SOURCE DATA:
◇ ◇ ◇ ◇ ◇

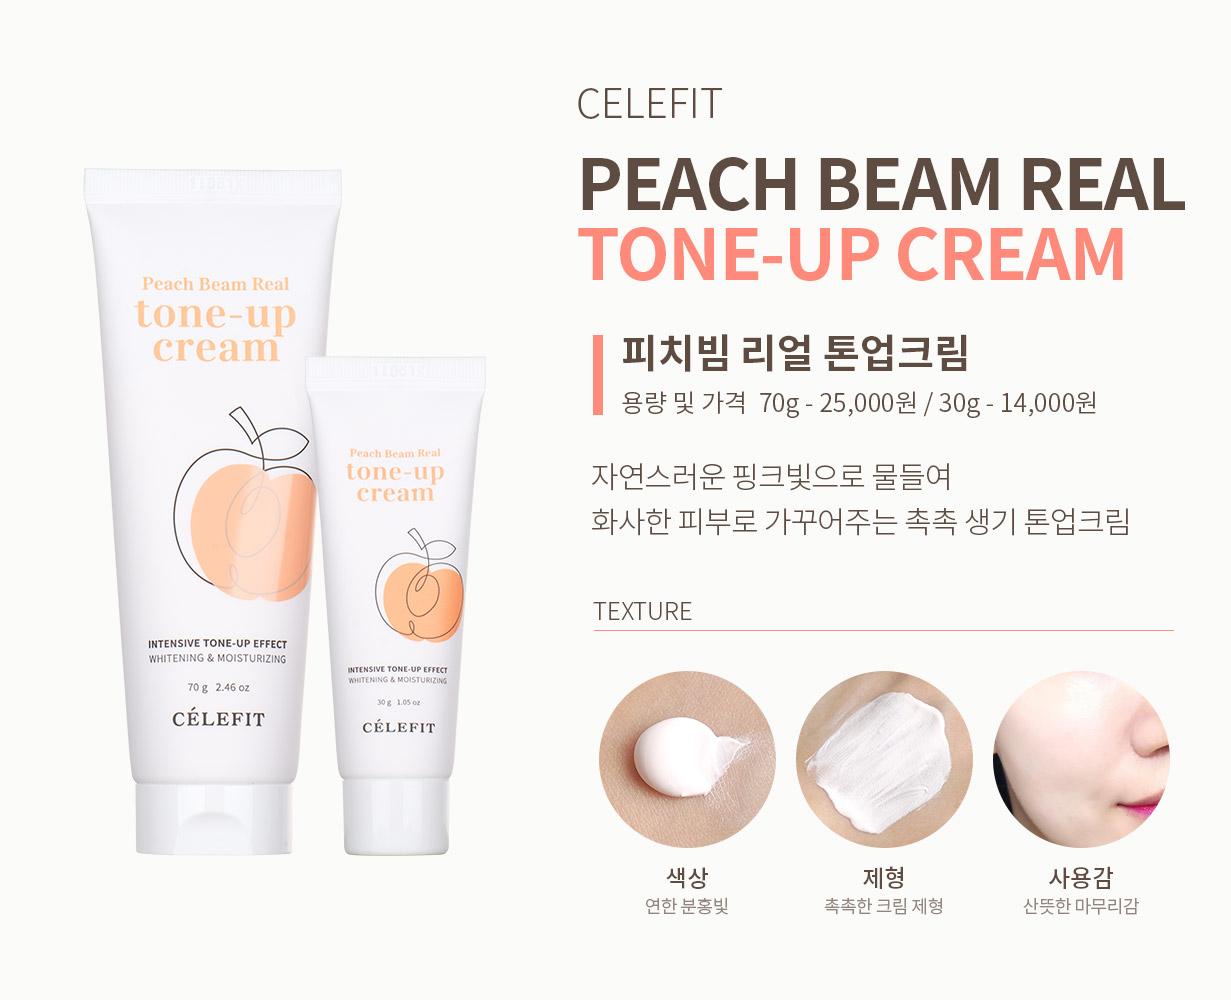 Kem Dưỡng Trắng Da Célefit Peach Beam Real Tone-up Cream
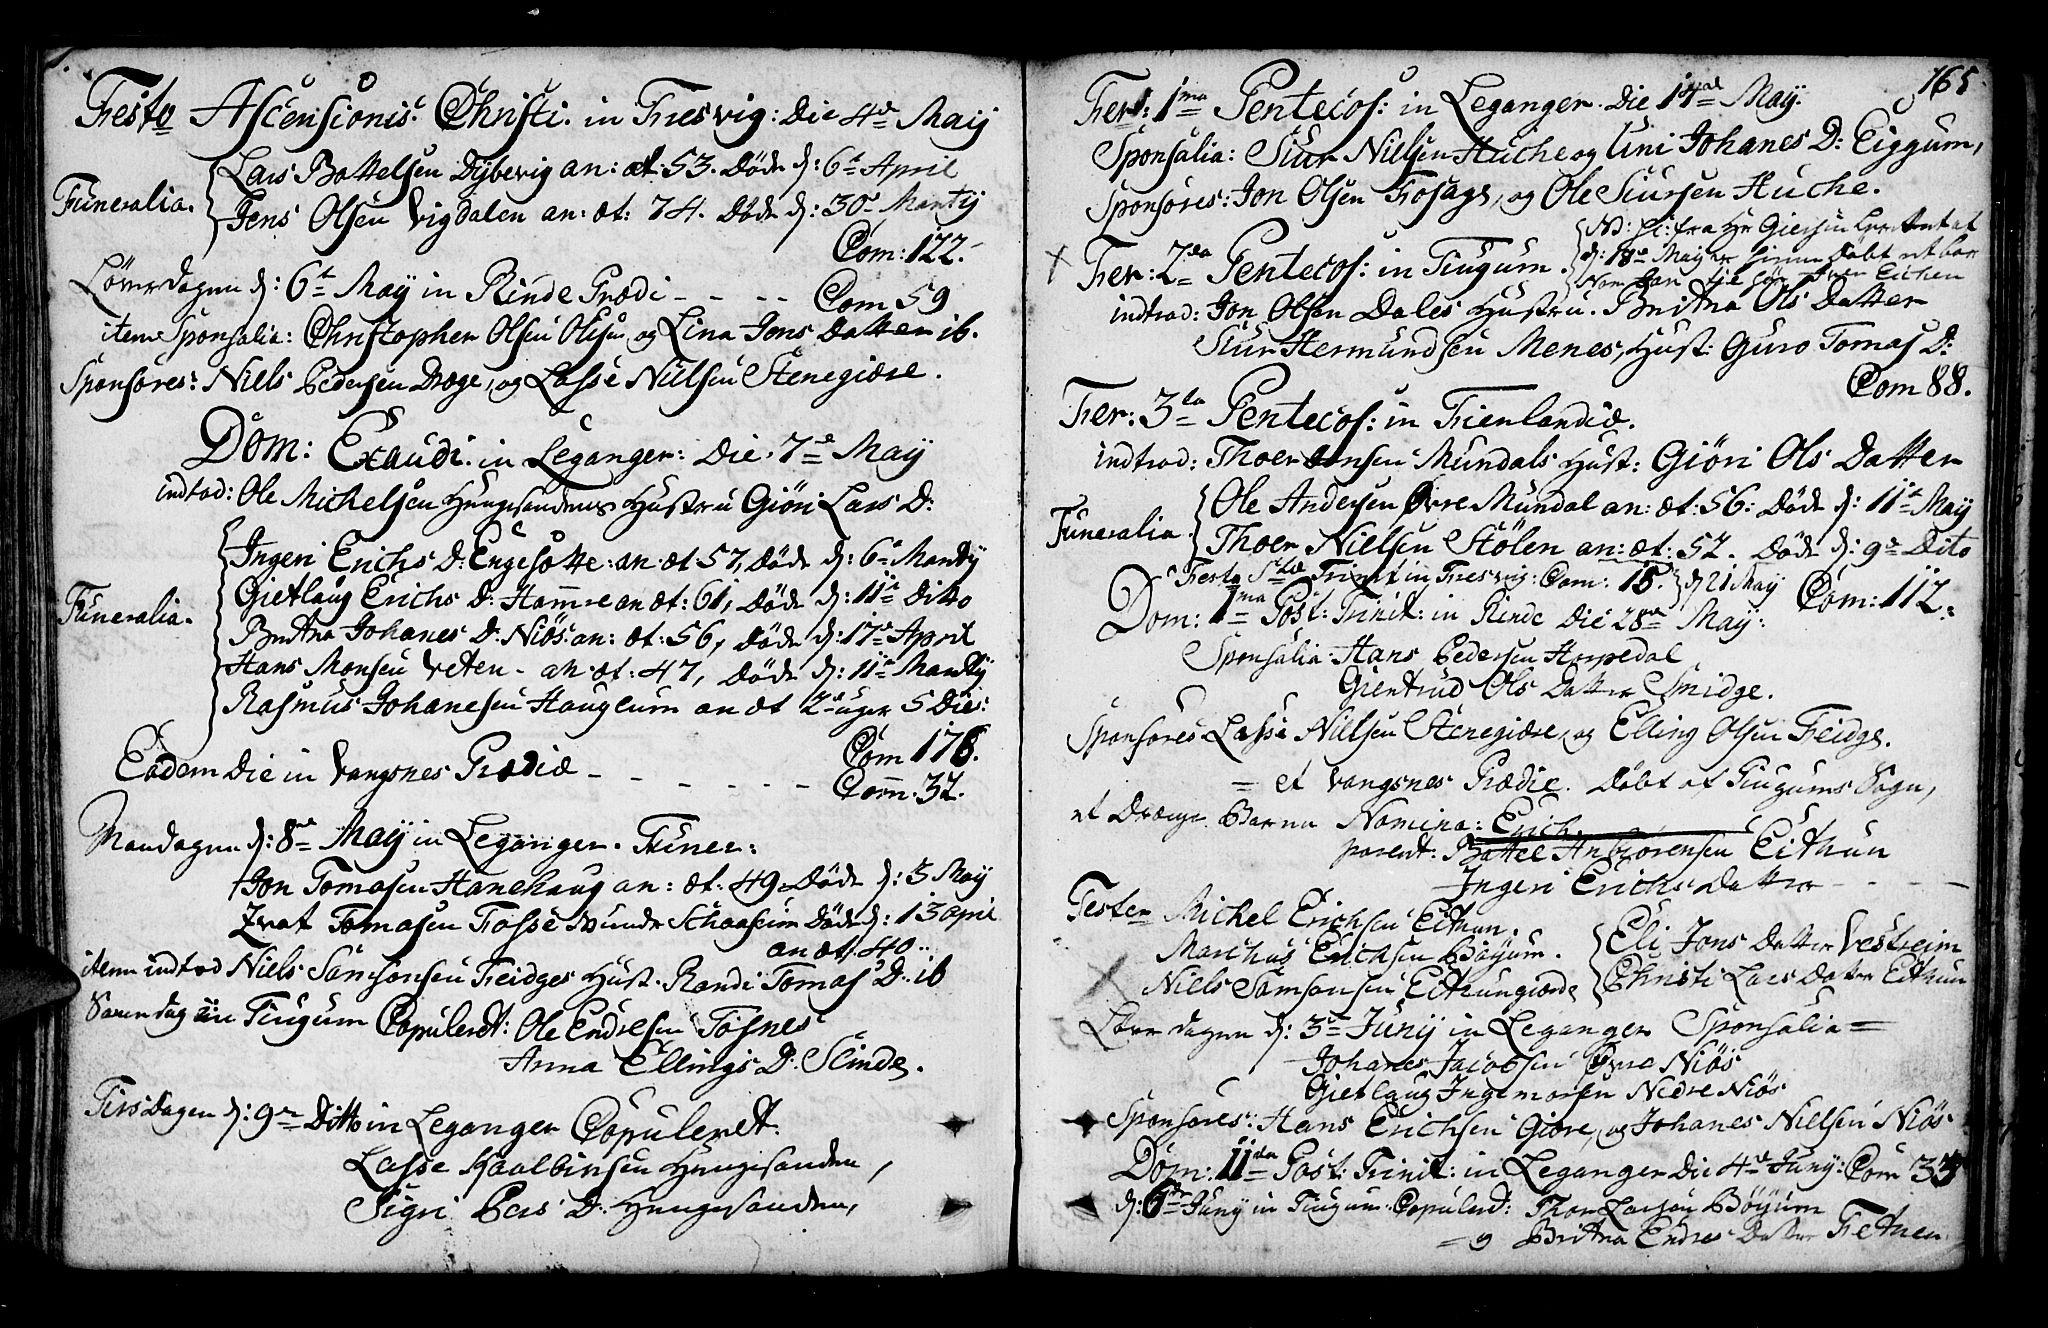 SAB, Leikanger Sokneprestembete, Ministerialbok nr. A 3, 1756-1770, s. 165
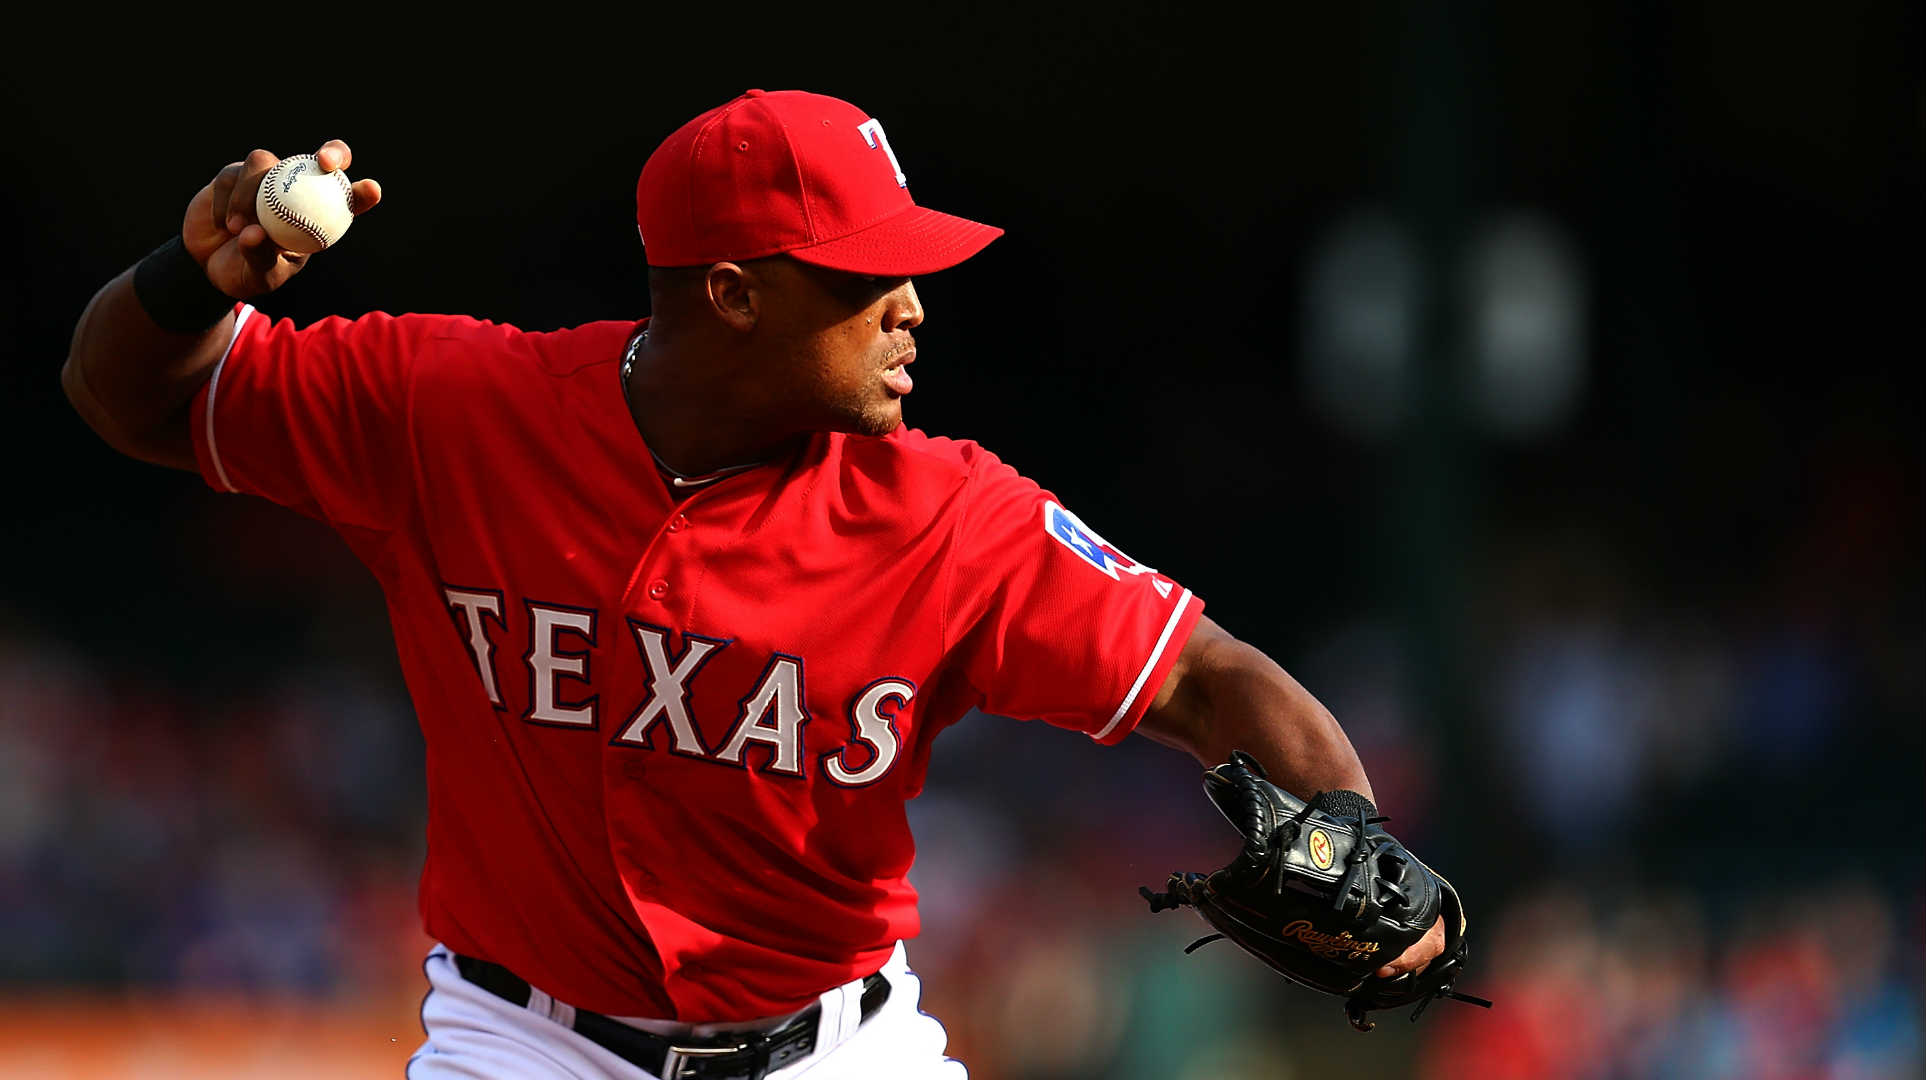 Rangers-third-baseman-adrian-beltre_ap86m4jyqnte15yrwade3ybgt

◇ ◇ ◇ ◇ ◇

WHAT IS REQUIRED: Produce a verbatim transcription of every line in the listing, images omitted.

COMPLETED EXERCISE:
 Kem Dưỡng Trắng Da Célefit Peach Beam Real Tone-up Cream
 SAB, Leikanger Sokneprestembete, Ministerialbok nr. A 3, 1756-1770, s. 165
 Rangers-third-baseman-adrian-beltre_ap86m4jyqnte15yrwade3ybgt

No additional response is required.